The Petitioner, in his notice of appeal and affidavit, stated that he was appealing his conviction because of the bar it placed on his permanent immigration to the United States. J.A. at 58, ¶ 5; 61, ¶ 18. The BIA imparted the Petitioner's motivation for seeking to have the conviction quashed onto the Canadian court as its rationale for quashing the conviction. Matter of Pickering, 23 I & N Dec. at 625, J.A. at 38. However, the motive of the Petitioner in seeking to have his conviction quashed is of limited relevance to our inquiry. See Sandoval v. INS, 240 F.3d 577, 583 (7th Cir.2001). Such motive is relevant only to the extent that the Canadian court relied upon it in quashing the conviction. As the record before us does not include a record of the hearing and is, therefore, incomplete, it is impossible to tell the extent to which the Canadian court relied upon Petitioner's motive, or even why the Canadian court acted in the manner it did.

The government relies on this Court's ruling in Zaitona, 9 F.3d at 437, to support the proposition that "where the record, as here, provides a reasonable basis to conclude that a motion to quash or vacate a conviction is driven by immigration hardships and not [by] remedying statutory or constitutional violations, . . . a conviction remains a conviction for immigration purposes." Final Brief of Respondent at 35. Zaitona, however, is easily distinguishable on the facts.

In Zaitona, the only explanation offered by the state court for vacating the conviction was so that it might consider a Judicial Recommendation Against Deportation ("JRAD"). Zaitona, 9 F.3d at 437. Immediately following the vacation of his conviction, Zaitona pleaded guilty to the identical crime. The only difference between the first and second sentence was the JRAD. Id. In Zaitona, "[i]t was unimportant to [the Court's] determination that Zaitona's attorney may have originally surrounded his request for the JRAD with language of ineffective assistance of counsel ...," because it was apparent from the order of the court and the record that the conviction was vacated solely for immigration reasons. Id. Unlike Zaitona, in the instant case, the order of the Canadian court is silent on the question of its motivation, referring instead to the Petitioner's request, supporting affidavit and "hearing." Matter of Pickering, 23 I & N Dec. at 625, J.A. at 38. In Zaitona, the record provided more than a "reasonable basis" for concluding that the judgment was vacated for immigration reasons. Indeed, the record clearly revealed "substantial evidence that the [] court's action was taken for the sole purpose of relieving Zaitona from deportation." Zaitona, 9 F.3d at 437. Here, the record before us lacks the record of the hearing upon which the Canadian judge relied, at least in part, in quashing the conviction.

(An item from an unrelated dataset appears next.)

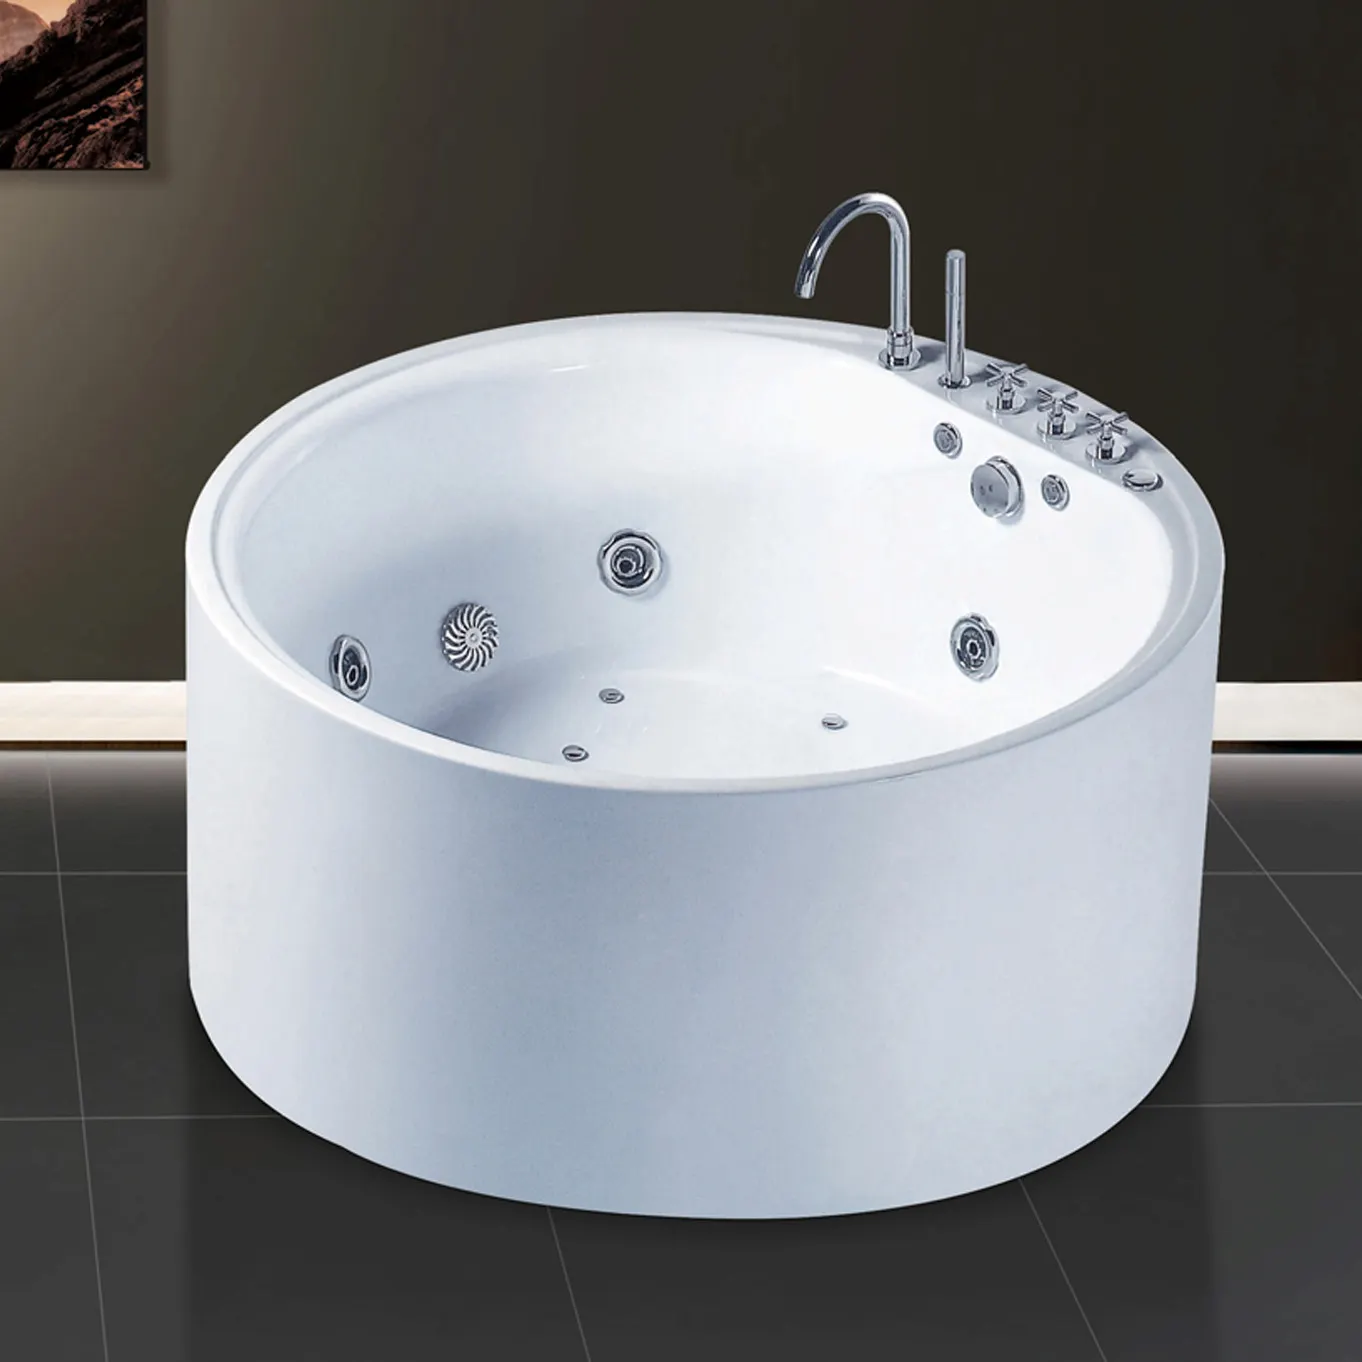 राउंड ऐक्रेलिक बाथटब बबवंडर टब उच्च स्नान टब होटल बाथरूम बाथरूम अनुकूलित गोल आकार के मुक्त खड़े

As the order of the Canadian court is silent on the question of its motivation or rationale, the BIA looked to the notice of appeal and affidavit filed by the Petitioner, ruling that neither identified a basis to question the integrity of the underlying criminal proceeding or conviction. There is no reference to the hearing before the Canadian court, no indication that the BIA had that record in its possession and no indication that it reviewed it in any fashion to determine the rationale behind the decision of...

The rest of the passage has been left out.